- _WHAT YOU ARE ASKED TO DO_
What is needed is an exact copy of the lines in the entries below from the one holding "Flames appear from" through the one holding "For nearly a", pictures excluded.

- _ENTRIES PROVIDED_
________________________
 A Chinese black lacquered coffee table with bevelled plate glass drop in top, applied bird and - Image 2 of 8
________________________
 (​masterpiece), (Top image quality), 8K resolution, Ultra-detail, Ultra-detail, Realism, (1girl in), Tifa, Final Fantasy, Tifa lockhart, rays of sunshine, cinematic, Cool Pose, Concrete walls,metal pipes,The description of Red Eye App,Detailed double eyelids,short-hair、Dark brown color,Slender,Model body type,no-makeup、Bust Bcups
________________________
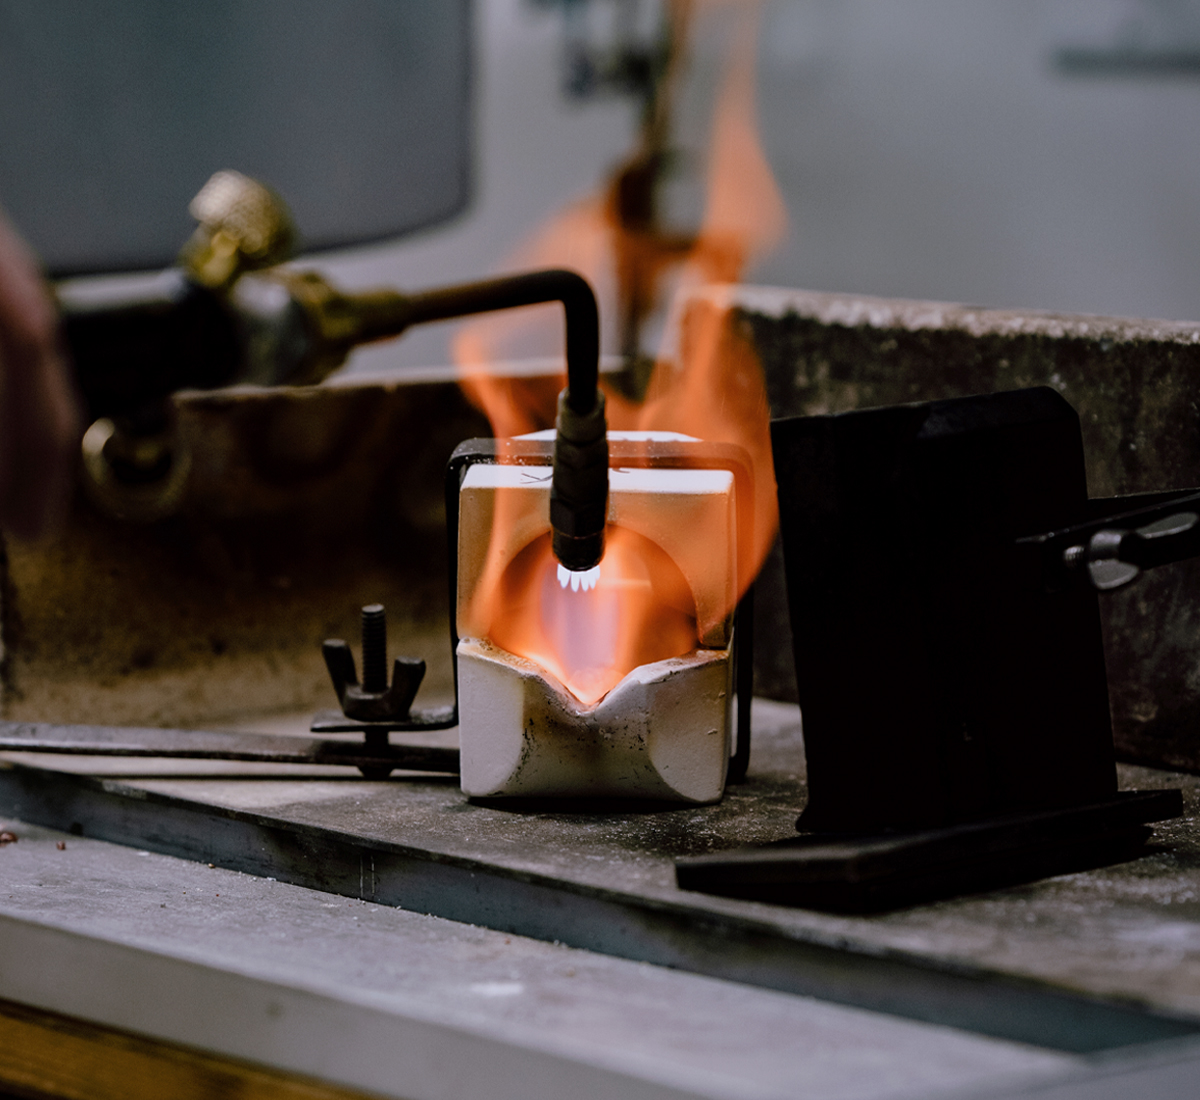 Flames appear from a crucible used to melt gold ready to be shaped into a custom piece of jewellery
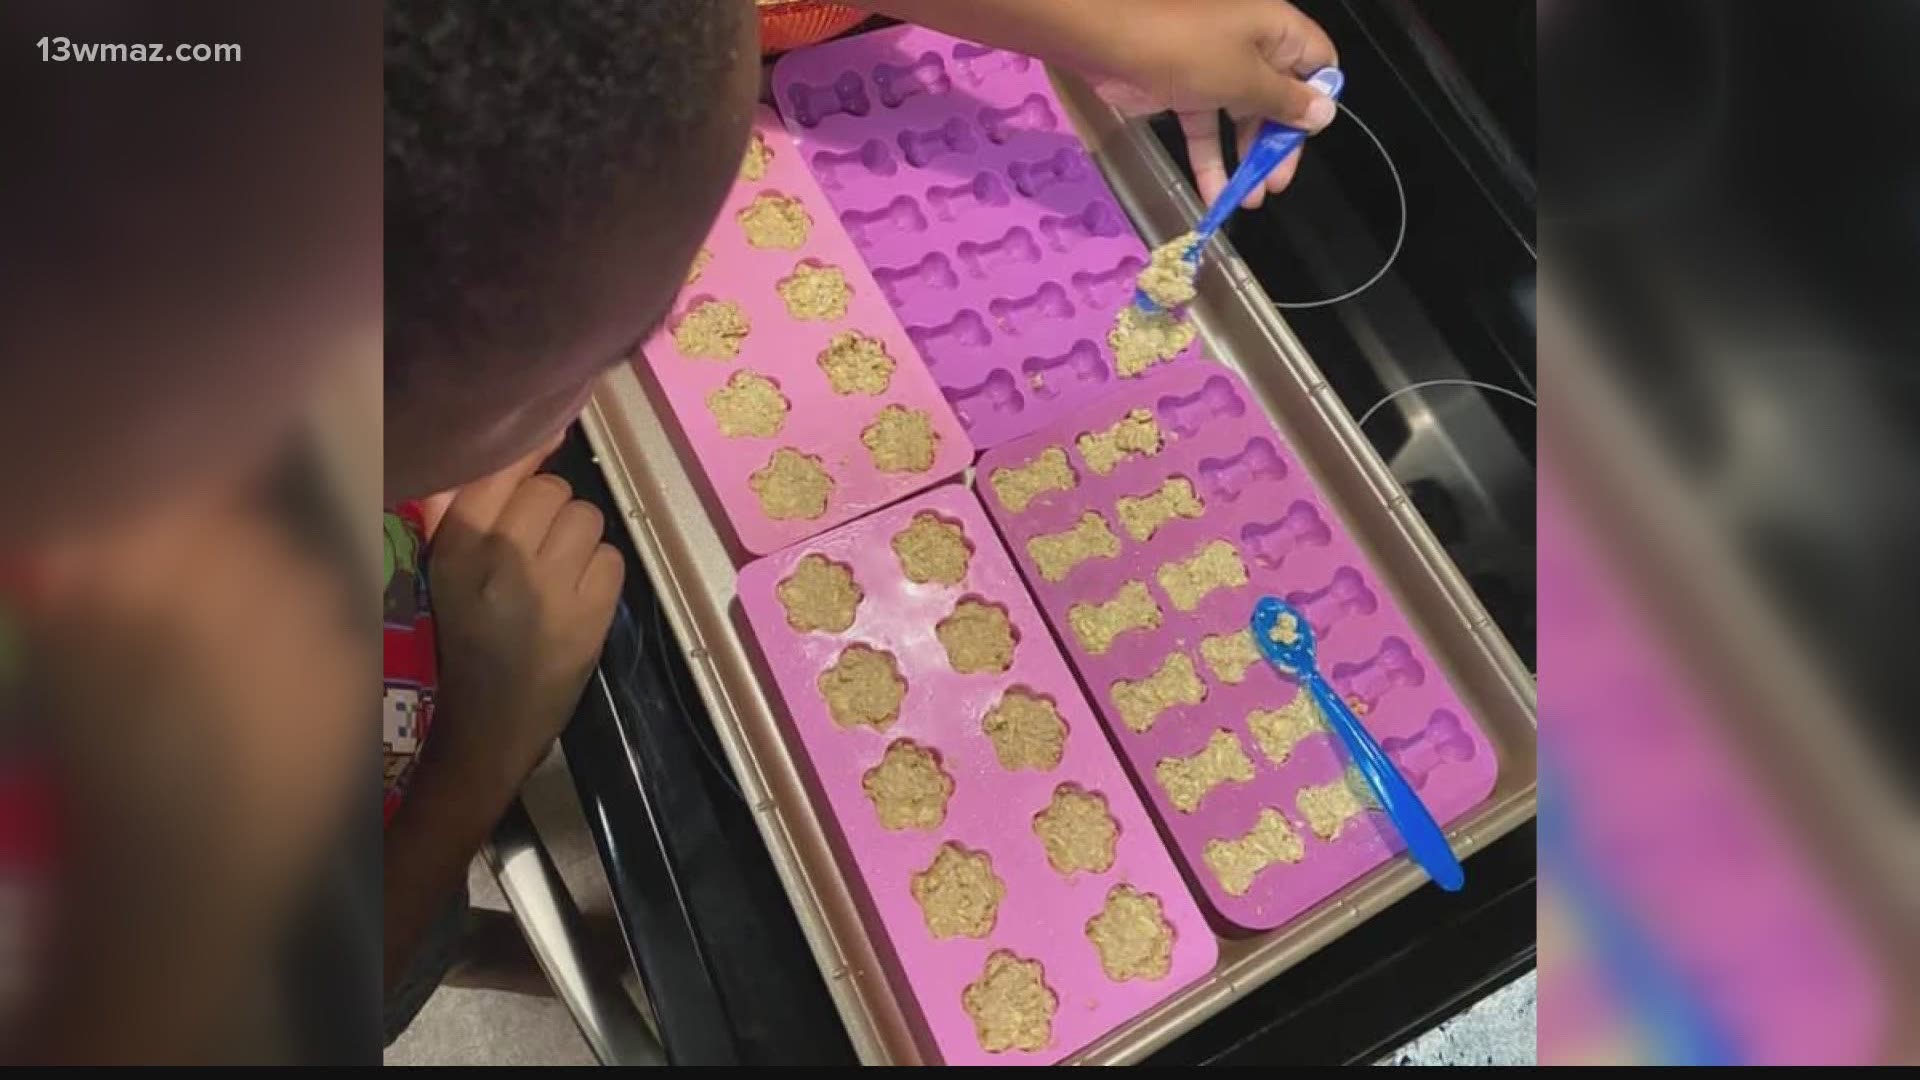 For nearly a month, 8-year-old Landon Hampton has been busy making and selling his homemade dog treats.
________________________
- _SOLUTION TO THE PROBLEM_
 Flames appear from a crucible used to melt gold ready to be shaped into a custom piece of jewellery
 For nearly a month, 8-year-old Landon Hampton has been busy making and selling his homemade dog treats.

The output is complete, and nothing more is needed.